Are you also decoding the DIMM manufacturer and identifiers ? Like G Skill Intl and F4-3600C16-16GTZN bellow 2022-07-29-114527_644x1012_scrot which is also printed in IMC window

Betaminos commented 2 years ago

I am not sure about this. The SMBIOS lists this: image

Memory Controller image

However, this is a Chinese handheld laptop with soldered RAM, so it could very well be that this information is not present in the device. Due to this, I would assume that the output is as good as it gets, but I will gladly test whatever you need to improve your program.

Thank you for the great support!

cyring commented 2 years ago

I am not sure about this.
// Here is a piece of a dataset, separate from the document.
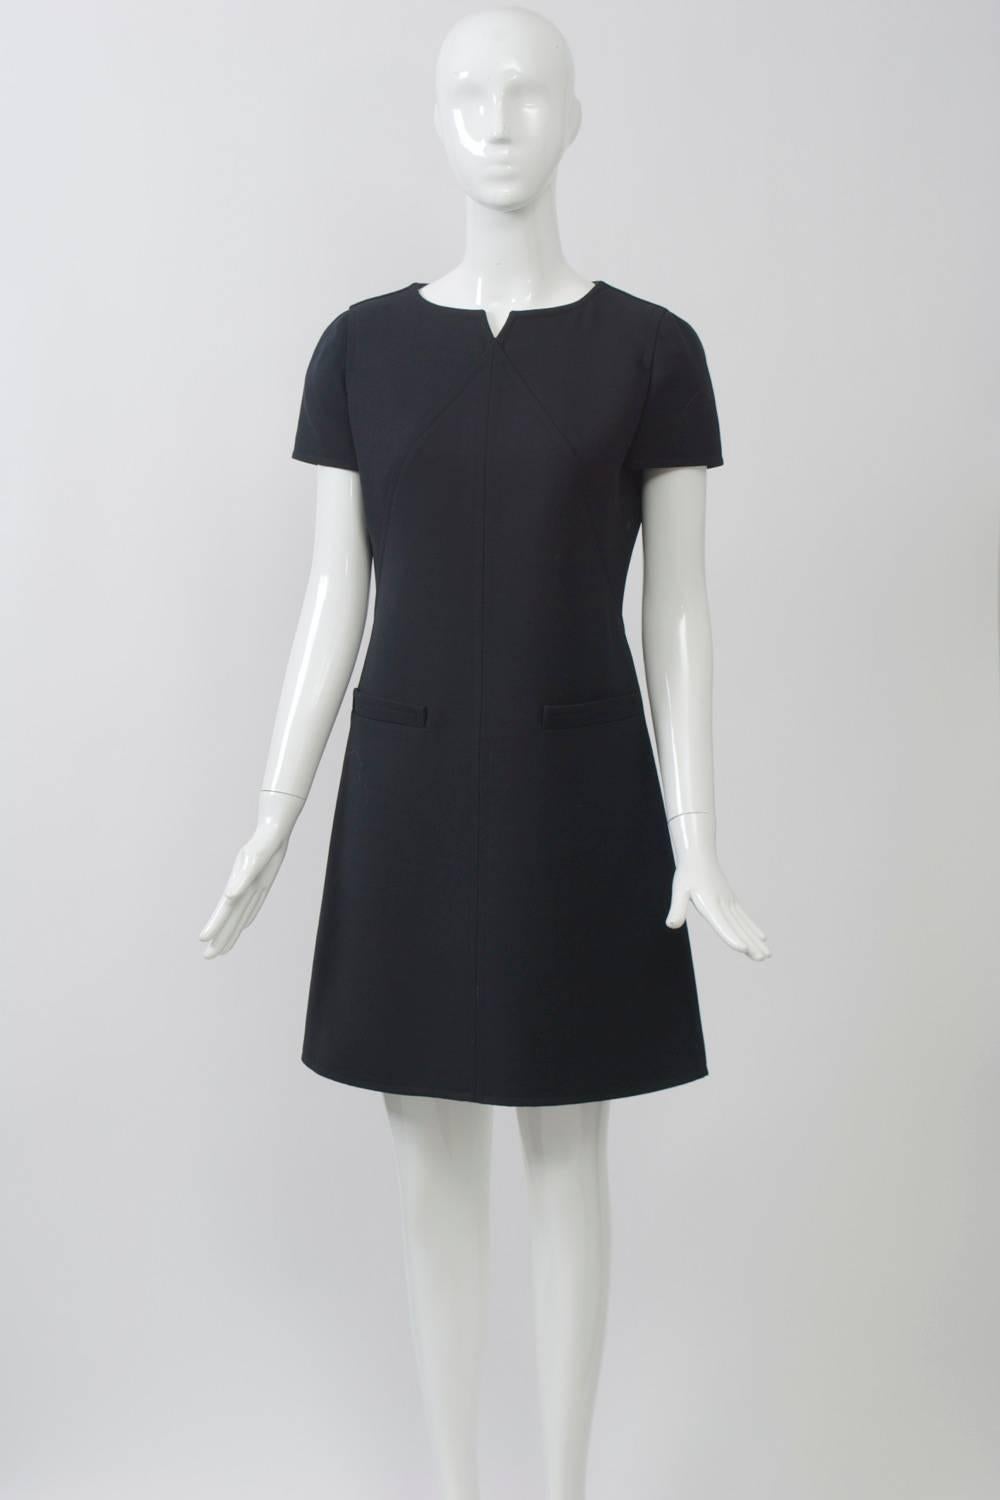 Perfect little black dress in wool from André Courrèges features welted diagonal seaming that forms an inverted V on the bodice, resulting in a notched-v at the center of the round neckline. Other features include faux pockets at the hips and a

The SMBIOS lists this: image

Memory Controller image

However, this is a Chinese handheld laptop with soldered RAM, so it could very well be that this information is not present in the device. Due to this, I would assume that the output is as good as it gets, but I will gladly test whatever you need to improve your program.

Thank you for the great support!

OK, I see, we are getting DIMM Manufacturer but not the IDs which are now substitute with an empty string.

Thank you for helping troubleshooting this issue Time to release bug fix

cyring commented 2 years ago

CoreFreq ArchLinux packages have been updated, I think you can now install from the manager (and close this issue if everything is OK)